Ex-Politiker Miguel Angel Revilla streitet mit Ex-König Juan Carlos I. In der Bäckerei hat man sich für eine Seite entschieden.

König Juan Carlos 8. September 2024 in Madrid Foto: Mike Chicorro/imago

I n der Schlange vor der Bäckerei Panifiesto in der Madrider Altstadt hat Juan Pedro eine klare Meinung: „Revilla gefällt mir nicht. Er ist ein Populist, der dem Volke nach dem Mund redet, aber in diesem Falle hat er Mut bewiesen“. Der 53-Jährige ist Englischprofessor an der Madrider Universität Complutense. „In Großbritannien muss die Monarchie ihre Geschäfte und Einkünfte offenlegen, hier nicht“, sagt er.

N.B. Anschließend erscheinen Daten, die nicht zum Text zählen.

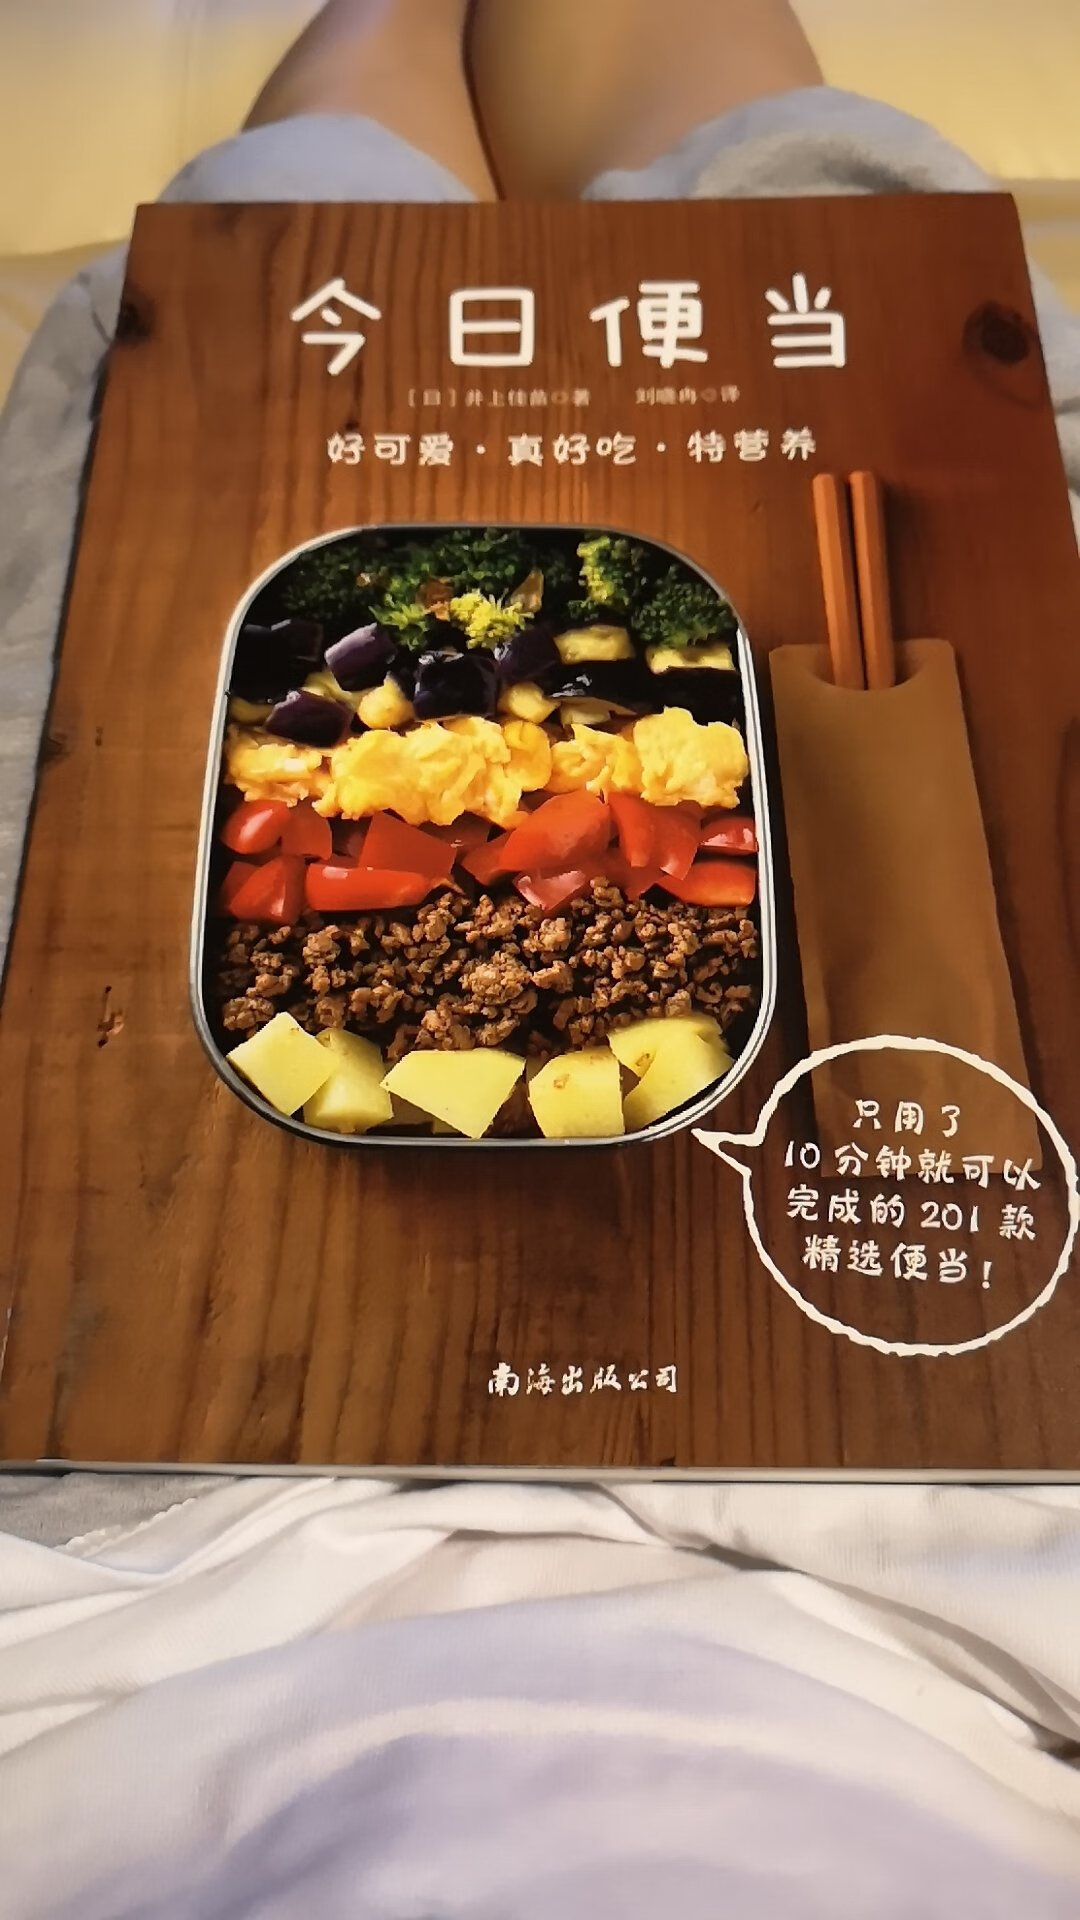 菜品制作很详尽，但很多食材调料都是日本的，这里很难买到，不太推荐。

Es ist eine Geschichte ganz nach dem Geschmack des Publikums. Gut gegen Böse – das Volk gegen die Mächtigen. Im spanischen TV bestimmt der letzte Skandal des 2014 abgedankten Altkönigs Juan Carlos I. seit Tagen die Klatschprogramme. Der in Abu Dhabi lebende 87-jährige Ex-Monarch und Vater des derzei­tigen Königs Felipe VI. hat einen der beliebtesten Politiker Spaniens auf 50.000 Euro Schadenersatz verklagt.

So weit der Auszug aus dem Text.